**Provided material:**
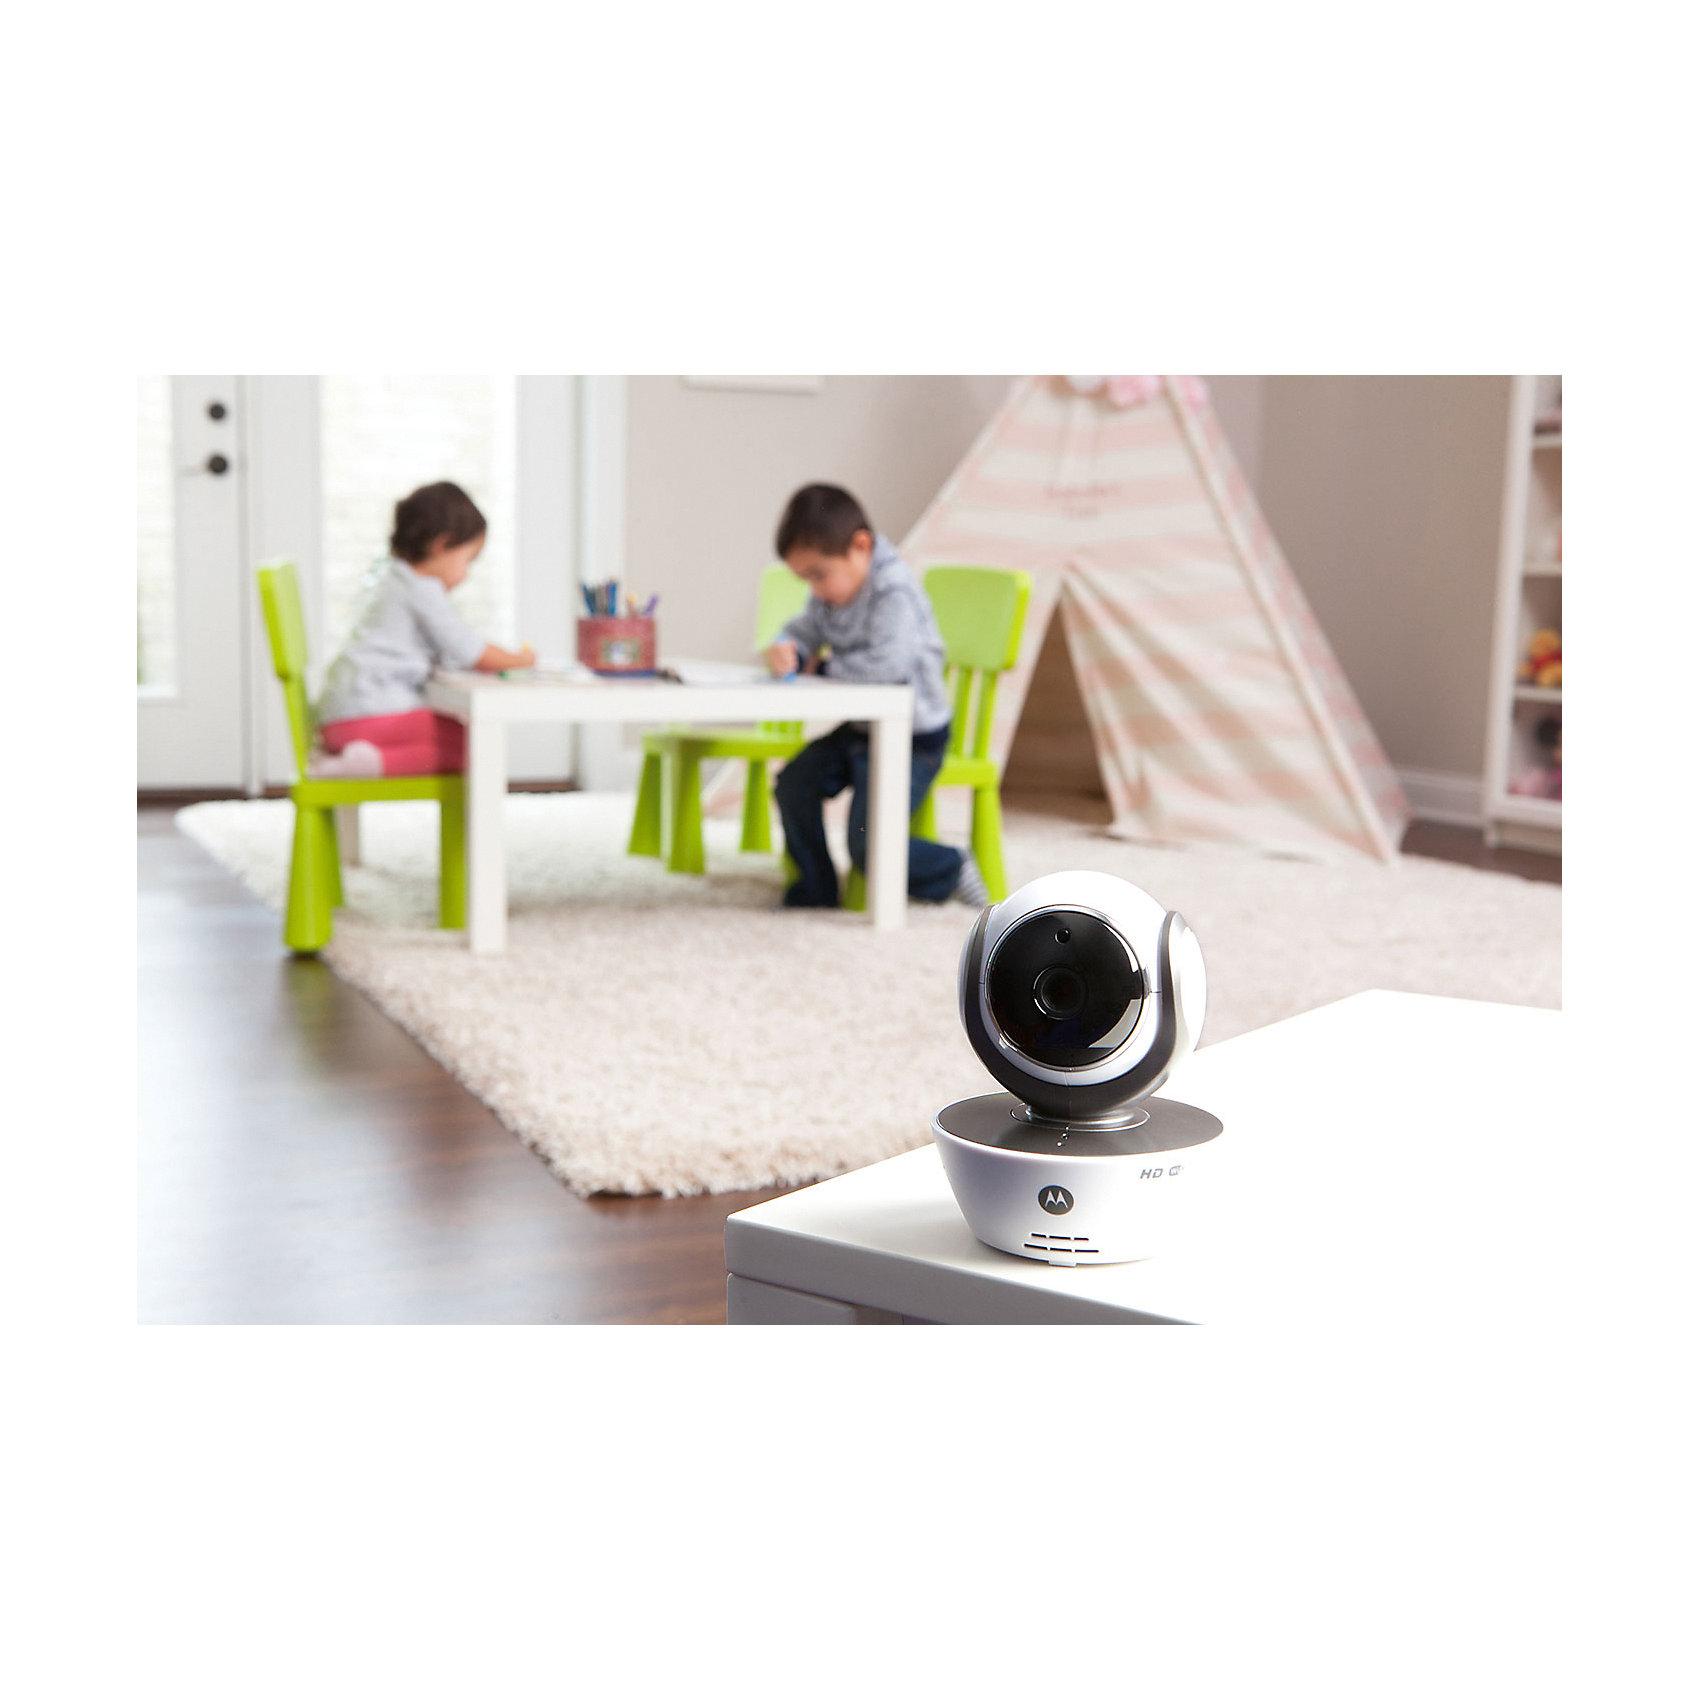 Видеоняня Wi-Fi камера MBP85CONNECT Motorola, белый
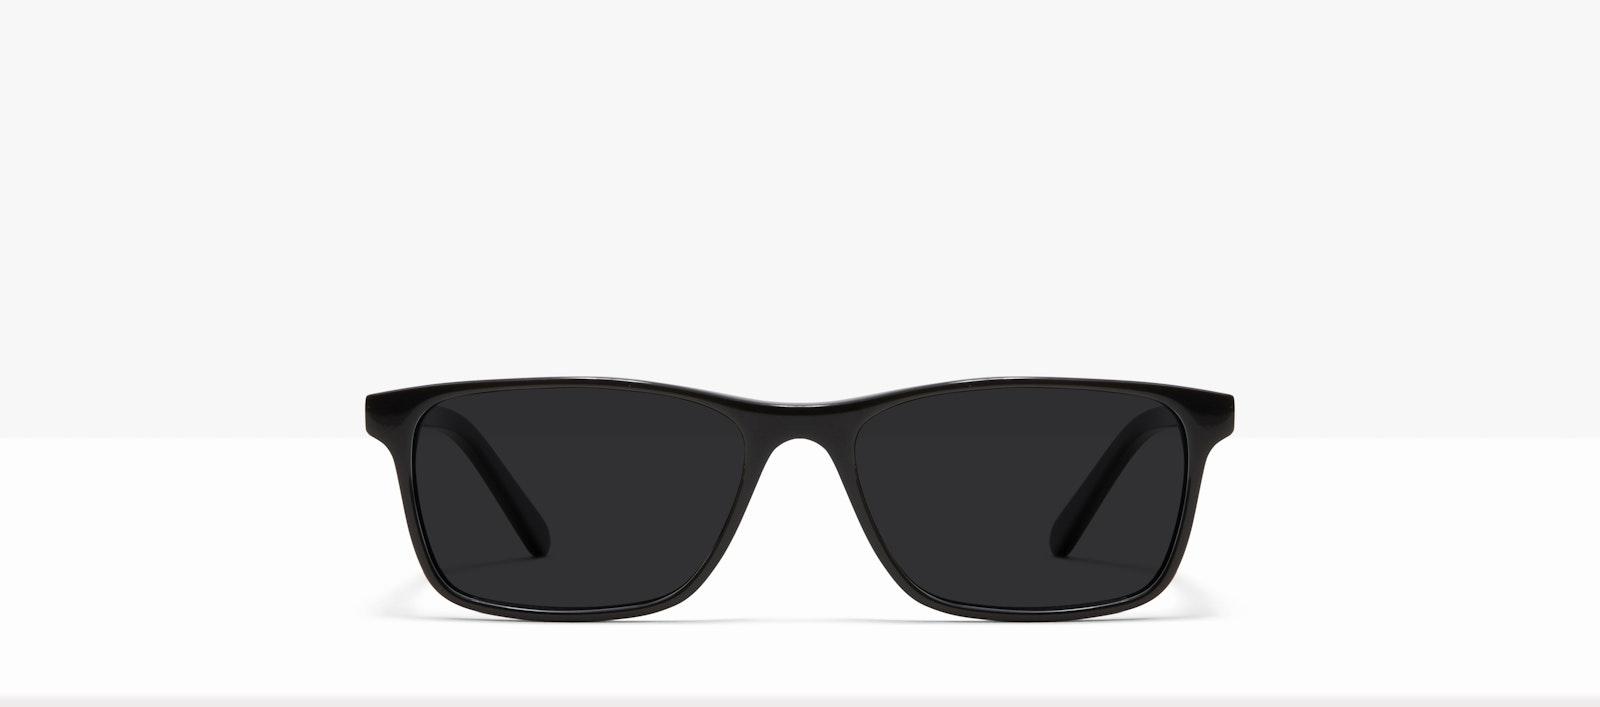 Affordable Fashion Glasses Rectangle Sunglasses Men Henri XL Black Front
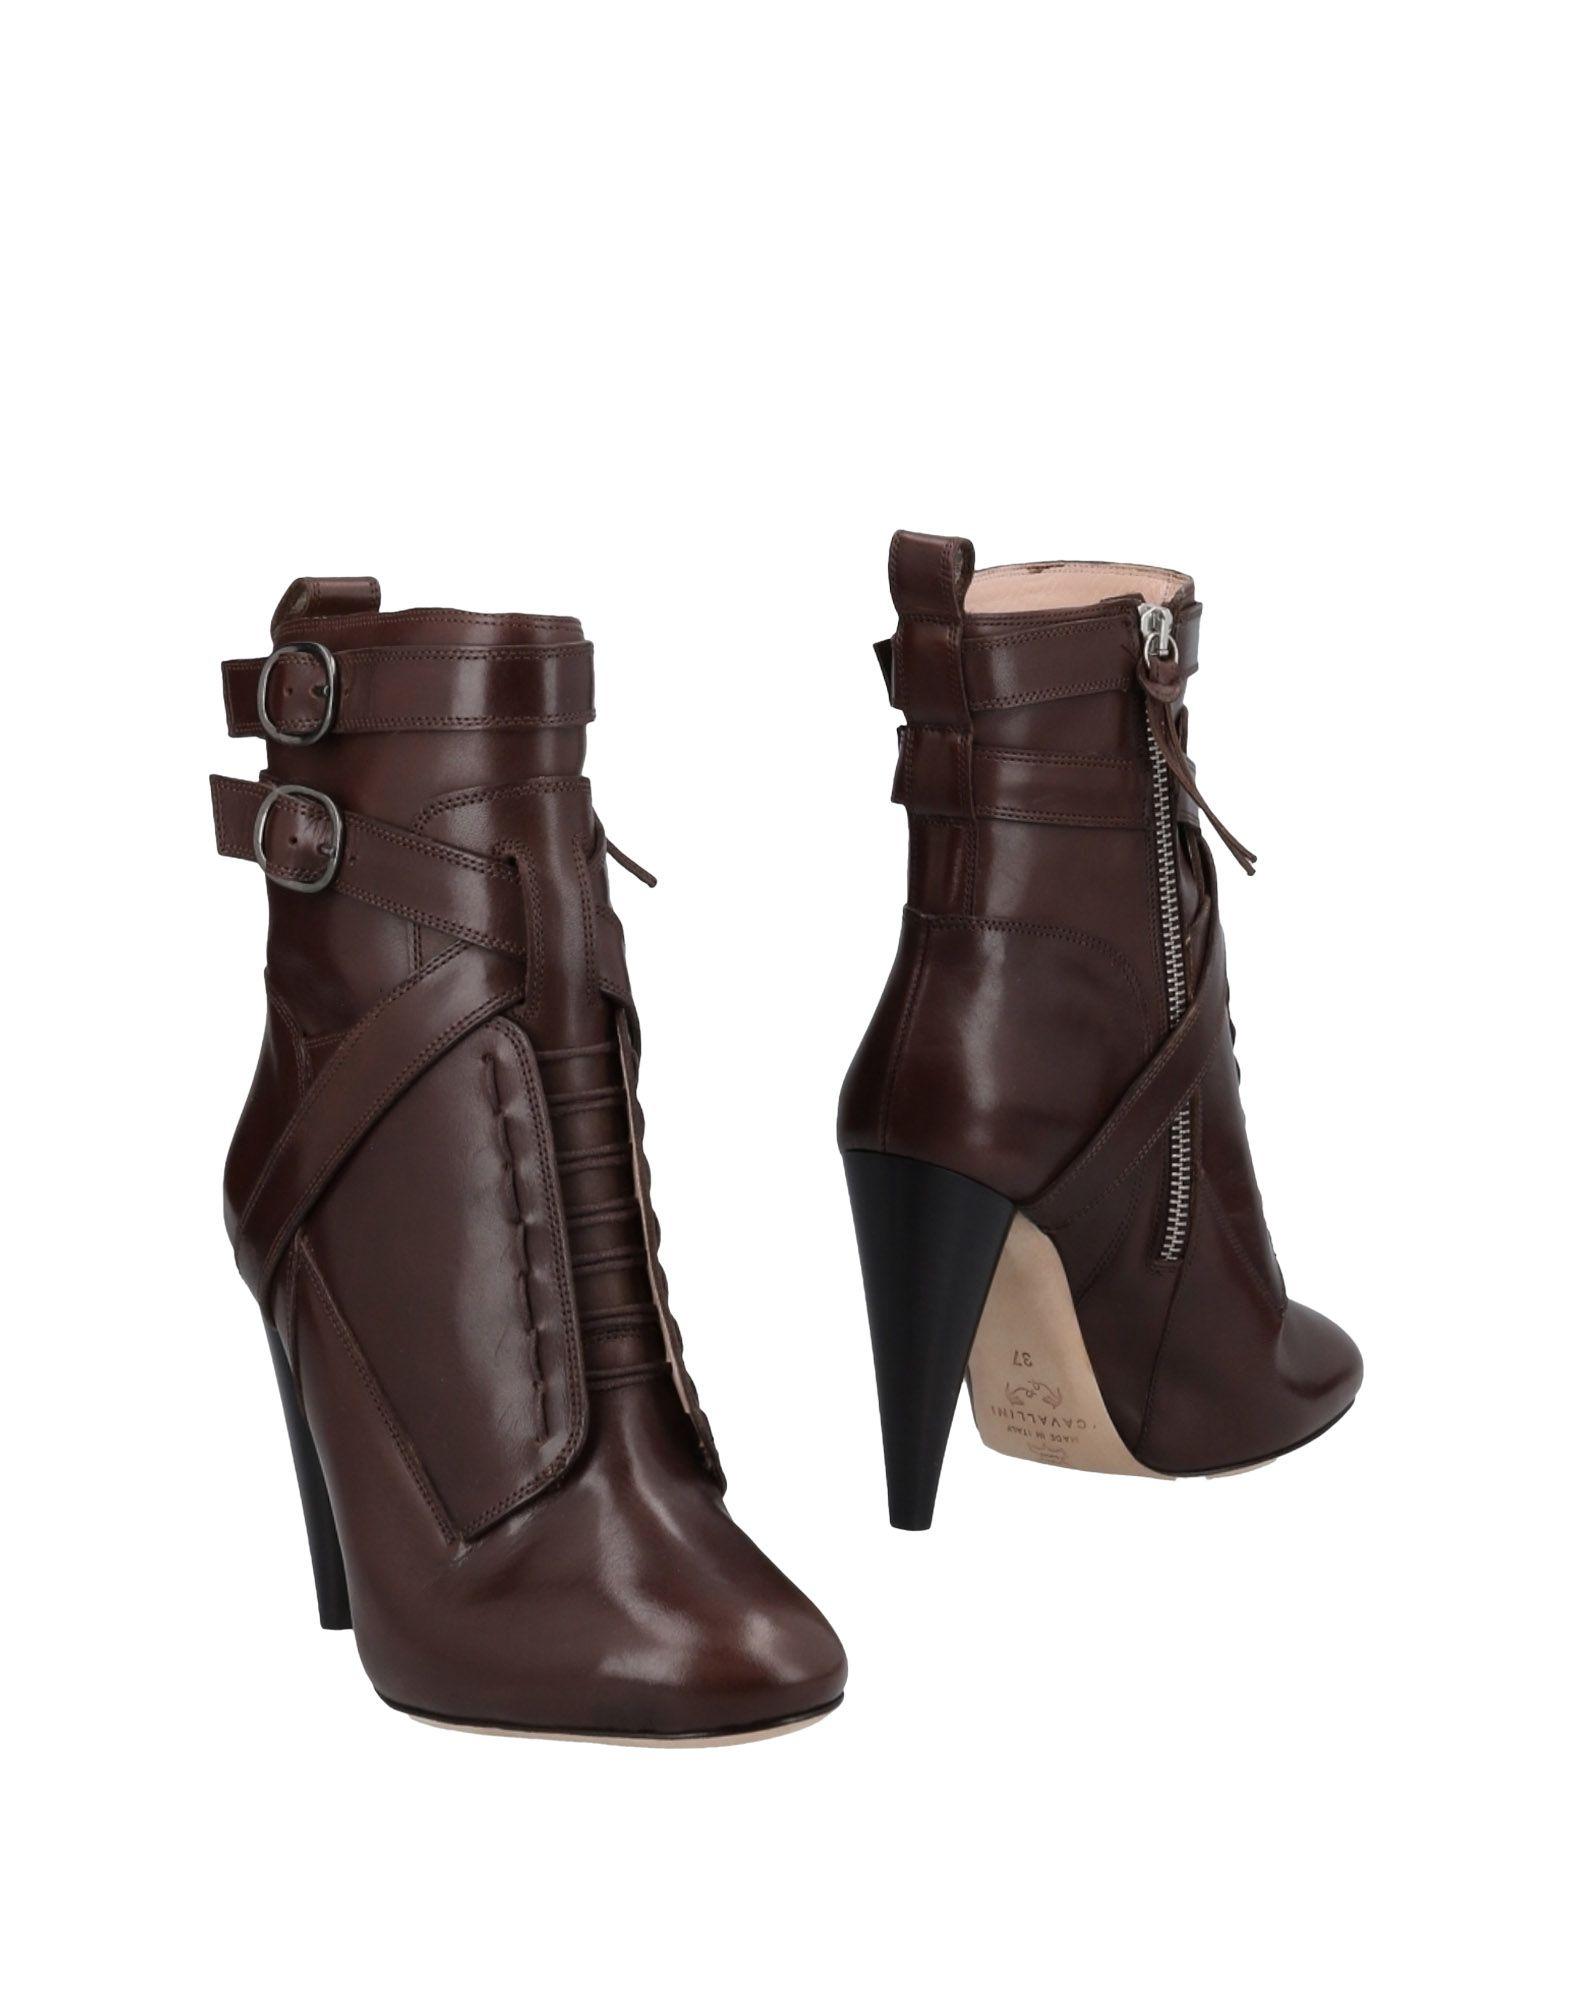 Cavallini Stiefelette strapazierfähige Damen  11483654MTGut aussehende strapazierfähige Stiefelette Schuhe ff6198

**Task prompt:** Return every line of the data above exactly, and omit all pictures.

**The answer:**
 Видеоняня Wi-Fi камера MBP85CONNECT Motorola, белый
 Affordable Fashion Glasses Rectangle Sunglasses Men Henri XL Black Front
 Cavallini Stiefelette strapazierfähige Damen  11483654MTGut aussehende strapazierfähige Stiefelette Schuhe ff6198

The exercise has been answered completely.